Concept
In January 1995, an earthquake hit Kobe, where Tanaka's studio is located. The damage to the city was unimaginable, with leaning buildings, distorted ground, and gray spaces all around the studio. We could not determine where the horizontal and vertical parts of the buildings should have been, and...
In January 1995, an earthquake hit Kobe, where Tanaka's studio is located. The damage to the city was unimaginable, with leaning buildings, distorted ground, and gray spaces all around the studio. We could not determine where the horizontal and vertical parts of the buildings should have been, and the city had lost the standards that we had unconsciously sensed in our daily lives. In the midst of anxiety, confusion, and helplessness, the great sense of discomfort I felt in this space without standards became the impetus for me to think about the standards surrounding my own life. We create standards at various levels to form the society and culture of Japan, and we operate in spaces that are physically and mentally organized to make our lives easier, but we are usually unaware of their existence.
And while the common concepts held by people living within these standards are necessary for communication, they also constrain our freedom of thought and creativity. It is difficult to recognize what exists as a matter of course, and we do not think that this causes us to have mental closure, and we are not easily aware of these restraints. The world is built on diverse criteria, and people live within one or a few of these criteria, and all friction and conflict between races, nations, and religions is caused by differences in these criteria to a great extent. If this is the case, if we can relate to the phenomena with a broad perspective and tolerance, the world will become a softer space, and people will be able to live with more flexibility, which was the beginning of the work that continues to this day.
In order to function as a device for reconstructing people's concepts, this series begins by deconstructing what is already recognized. In other words, he obscures the context in which the object exists in order to make it recognizable. The light bulbs, eggs, and spice tubes that he uses as the building blocks of his installations are not things that are usually displayed in galleries or museums, but things that make sense in everyday life. The axis of this series is to make them exist in a way that the viewer has no clear criteria for selecting the components of the work, such as the number and arrangement pattern, etc., and that their meaning changes depending on the discomfort of placing them in an art space, the number, arrangement form, and distance between the viewer and the work. These devices create a gap in the viewer's preconceived notions.

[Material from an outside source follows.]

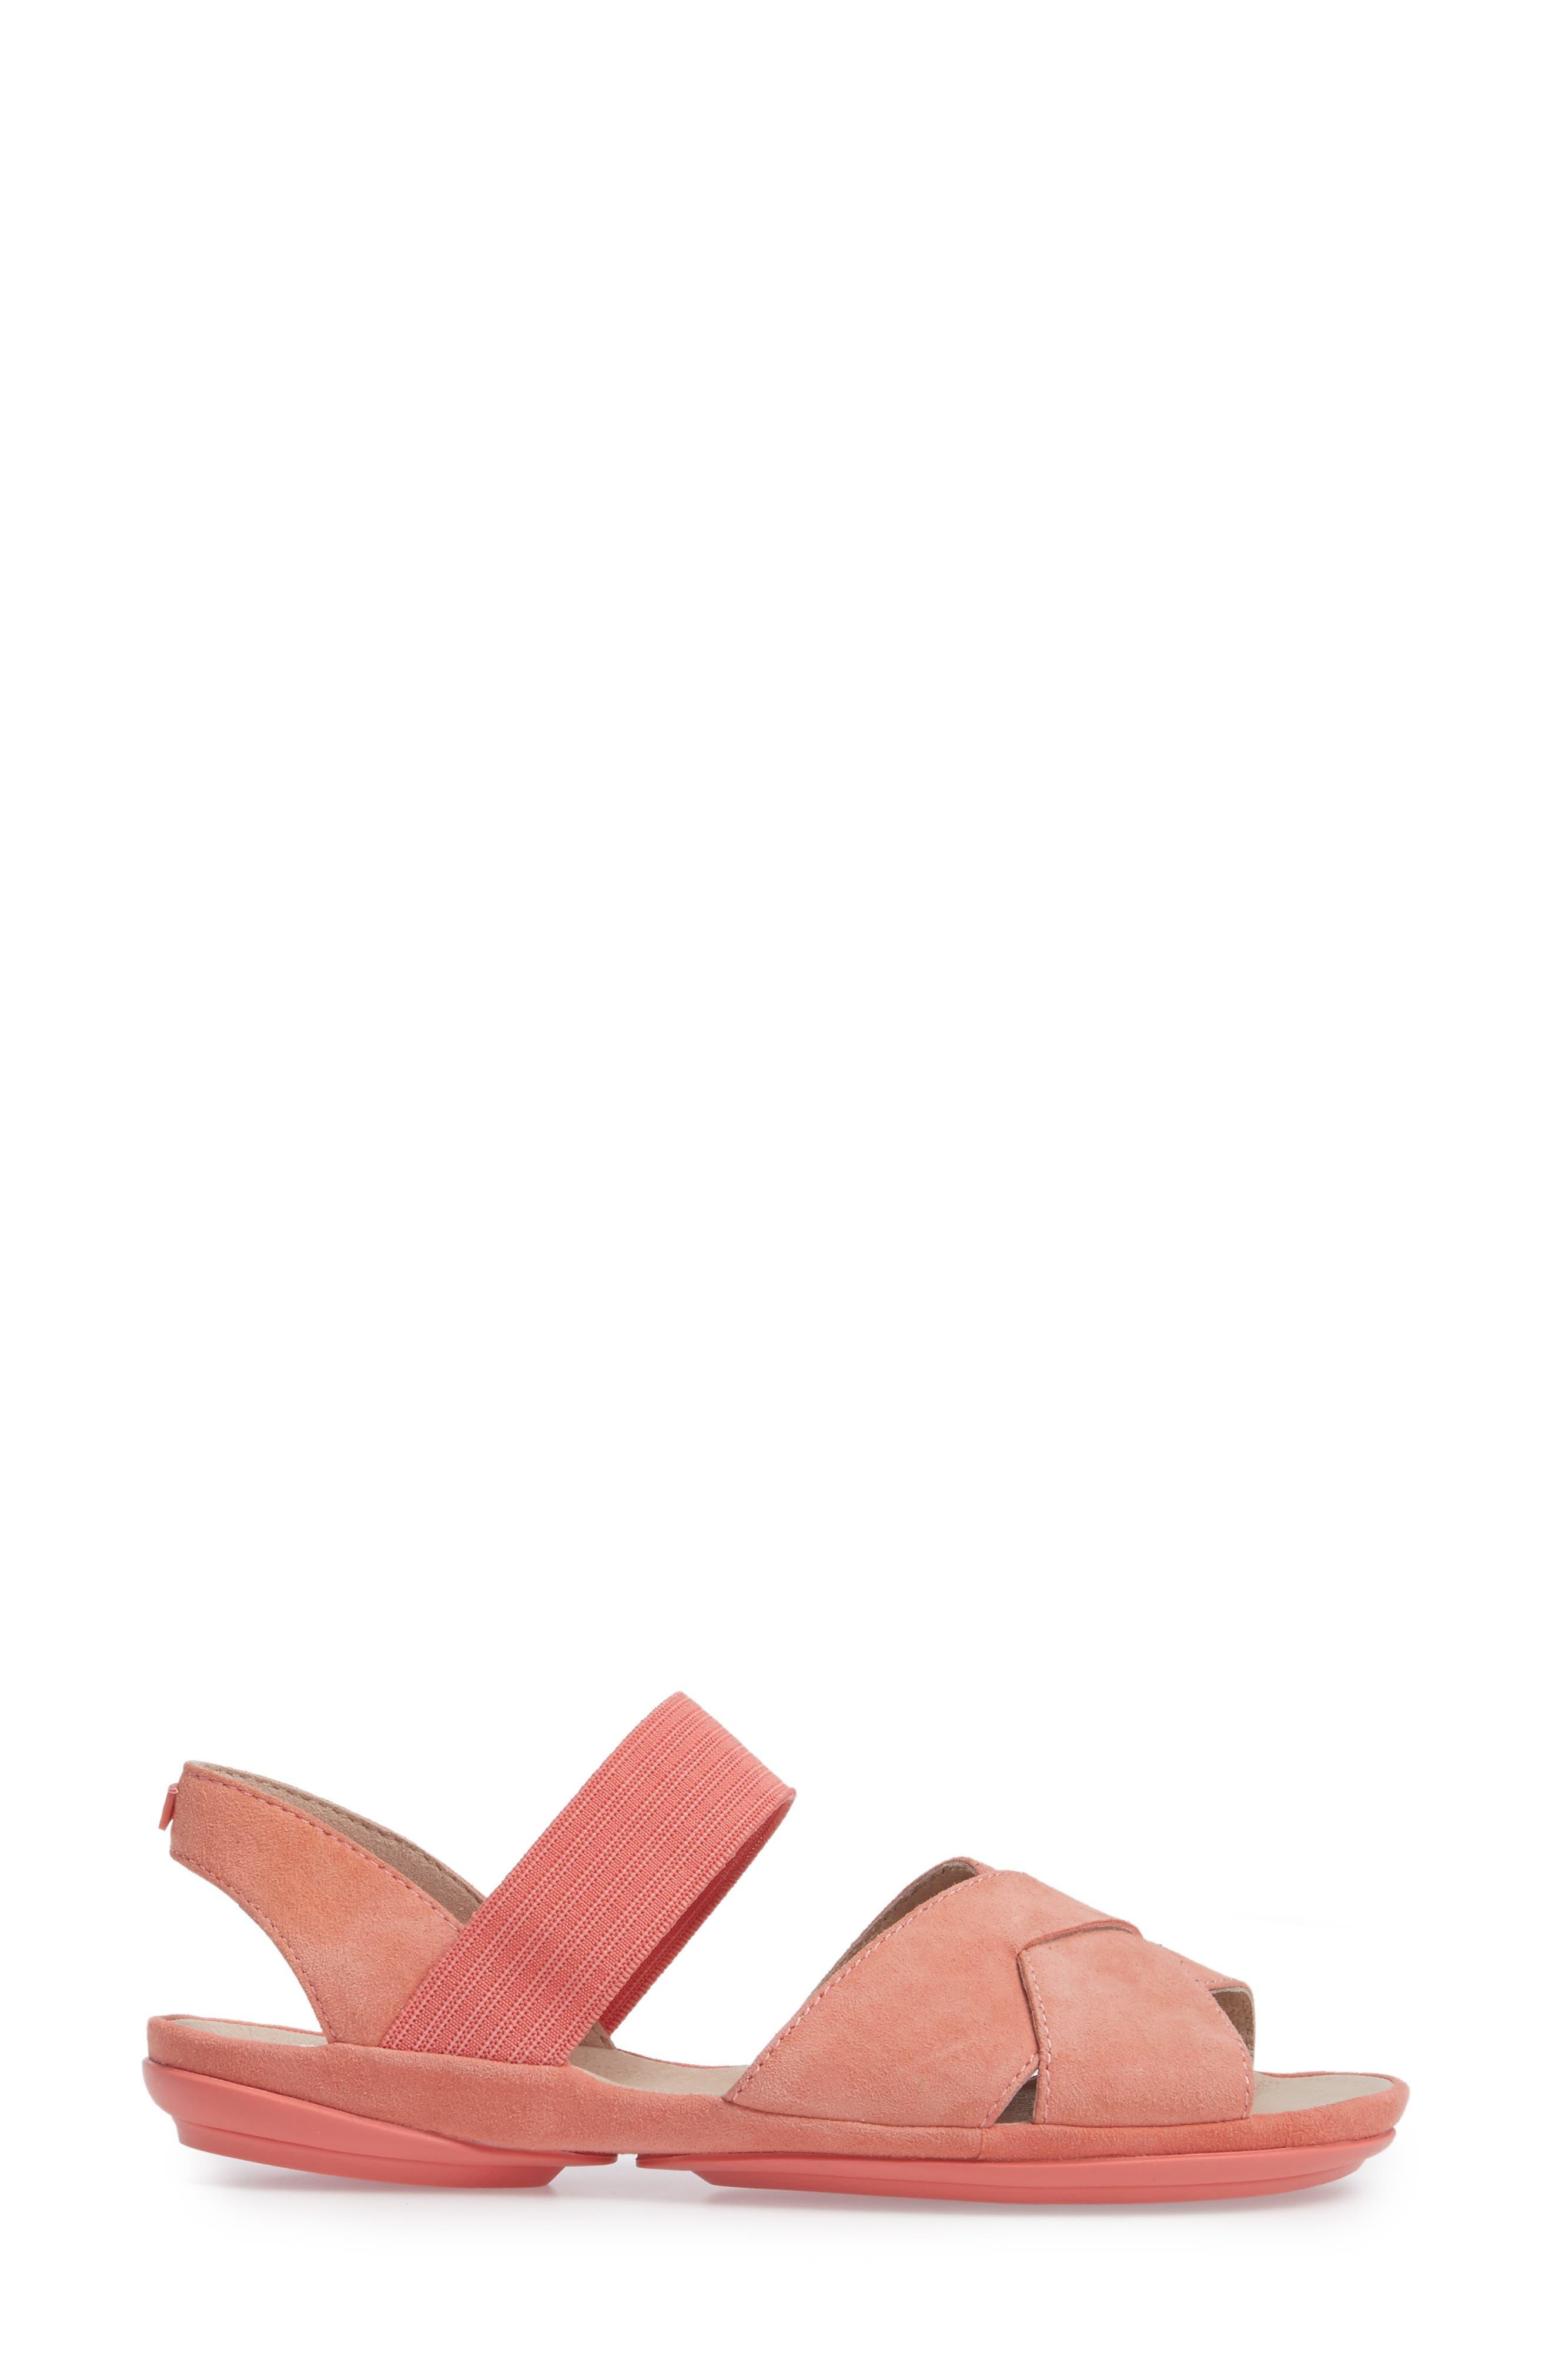 Alternate Image 3  - Camper Right Nina Flat Cross Strap Sandal (Women)

The series also includes a jigsaw puzzle that makes the definitions (standards) of three-dimensional and two-dimensional, abstract and figurative, and so on relative to each other. The original design of the jigsaw puzzle allows for an infinite series of pieces, and the distance between the viewer and the work changes the way the work is seen, from abstract to figurative, and from figurative to abstract. Some also embody the transition from two-dimensional to three-dimensional.
All are devices designed to blur fixed standards by causing a slight shift in the viewer's conception. This slight shift in perception can be experienced as a softer way of relating to the world. We hope that this series of experience devices, which are designed to cause a subtle shift in perception, free people's thoughts with a sense of confusion, and then reconstruct their concepts, will cause changes in the world like the butterfly effect.